OLD 'e'  AND  ' '  MERGED INTO NEW TOKEN 'e '
  SHRANK FROM 13234 TO 12768 TOKENS


Script:
* This code looks for all the occurences of this pair in our token list and replaces them with a new token combining them.
* Let's repeat this some more.

In [None]:
for i in range(10):
    add_new_token()

OLD 't'  AND  'h'  MERGED INTO NEW TOKEN 'th'
  SHRANK FROM 12768 TO 12478 TOKENS
OLD ' '  AND  'th'  MERGED INTO NEW TOKEN ' th'
  SHRANK FROM 12478 TO 12265 TOKENS
OLD ' '  AND  'a'  MERGED INTO NEW TOKEN ' a'
  SHRANK FROM 12265 TO 12076 TOKENS
OLD 'e'  AND  's'  MERGED INTO NEW TOKEN 'es'
  SHRANK FROM 12076 TO 11901 TOKENS
OLD ' '  AND  'o'  MERGED INTO NEW TOKEN ' o'
  SHRANK FROM 11901 TO 11726 TOKENS
OLD ' th'  AND  'e '  MERGED INTO NEW TOKEN ' the '
  SHRANK FROM 11726 TO 11564 TOKENS
OLD 'd'  AND  ' '  MERGED INTO NEW TOKEN 'd '
  SHRANK FROM 11564 TO 11408 TOKENS
OLD 'e'  AND  'n'  MERGED INTO NEW TOKEN 'en'
  SHRANK FROM 11408 TO 11256 TOKENS
OLD 'e'  AND  'r'  MERGED INTO NEW TOKEN 'er'
  SHRANK FROM 11256 TO 11105 TOKENS
OLD 'a'  AND  't'  MERGED INTO NEW TOKEN 'at'
  SHRANK FROM 11105 TO 10955 TOKENS


Script:
* You can see that the token creation process has already discovered the word the and created a token with "the" surrounded by spaces.
* Generally, this process will repeat until a target number of tokens is reached or the new tokens are not occuring very often so they won't add much to the model.

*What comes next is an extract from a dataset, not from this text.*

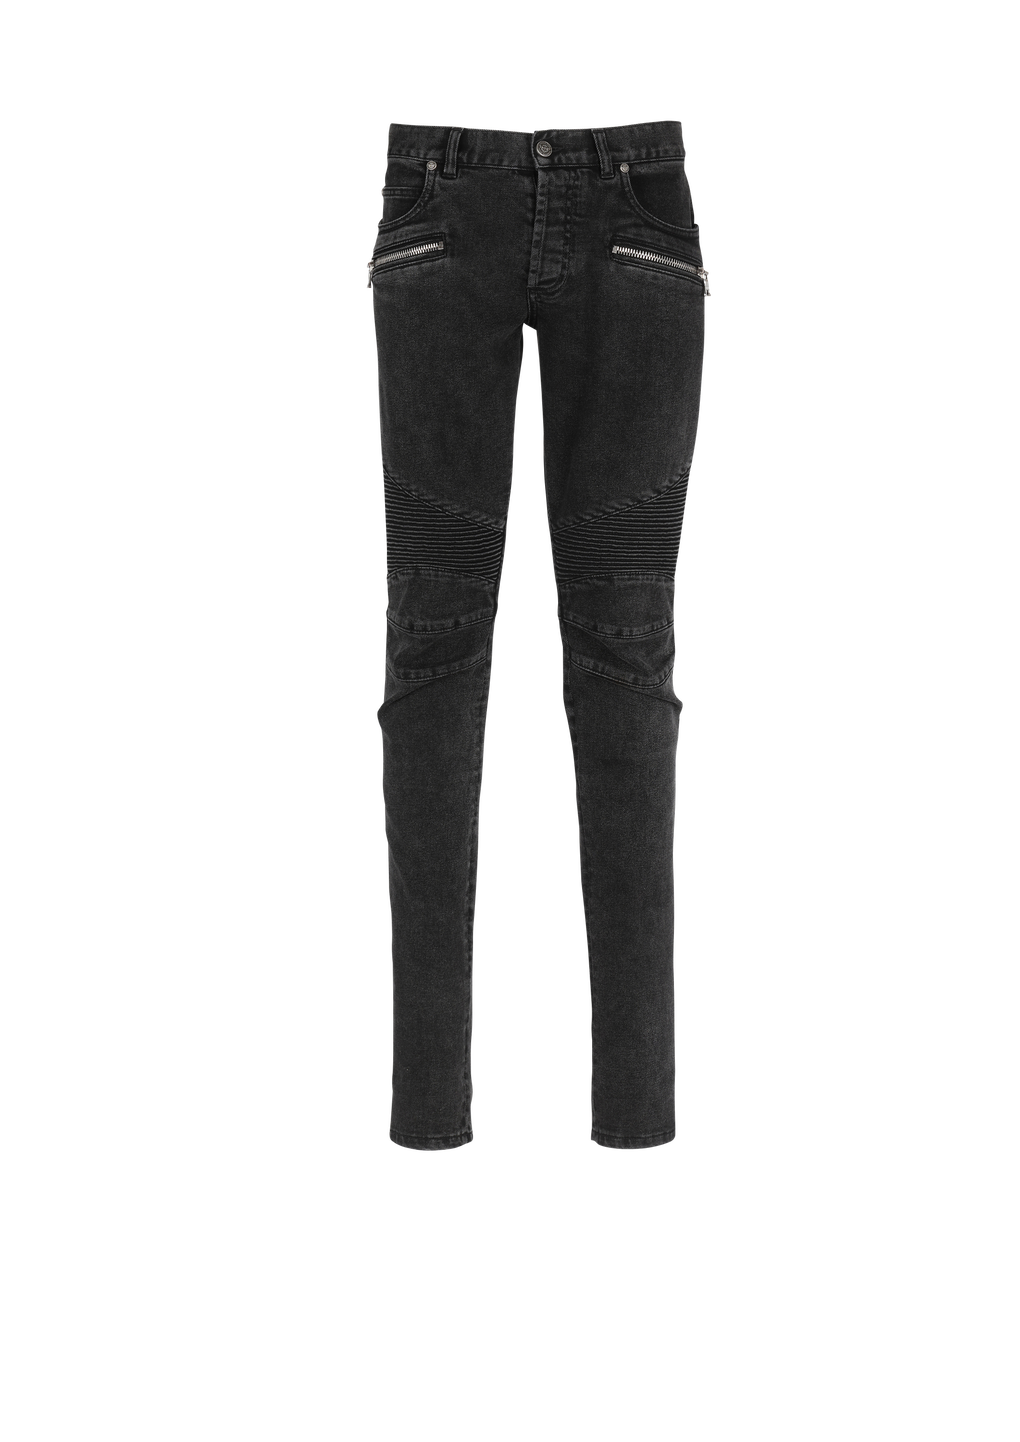 Jeans slim in cotone delavé con inserti a coste e monogramma Balmain sull’orlo, nero, hi-res

Script: (faculty on screen)
* Tokenization has turned into an important part of how large language models work.
* Longer tokens have the benefits of faster text generation and better quality.
* Byte pair encoding naturally picks the longer tokens that will help a language model the most.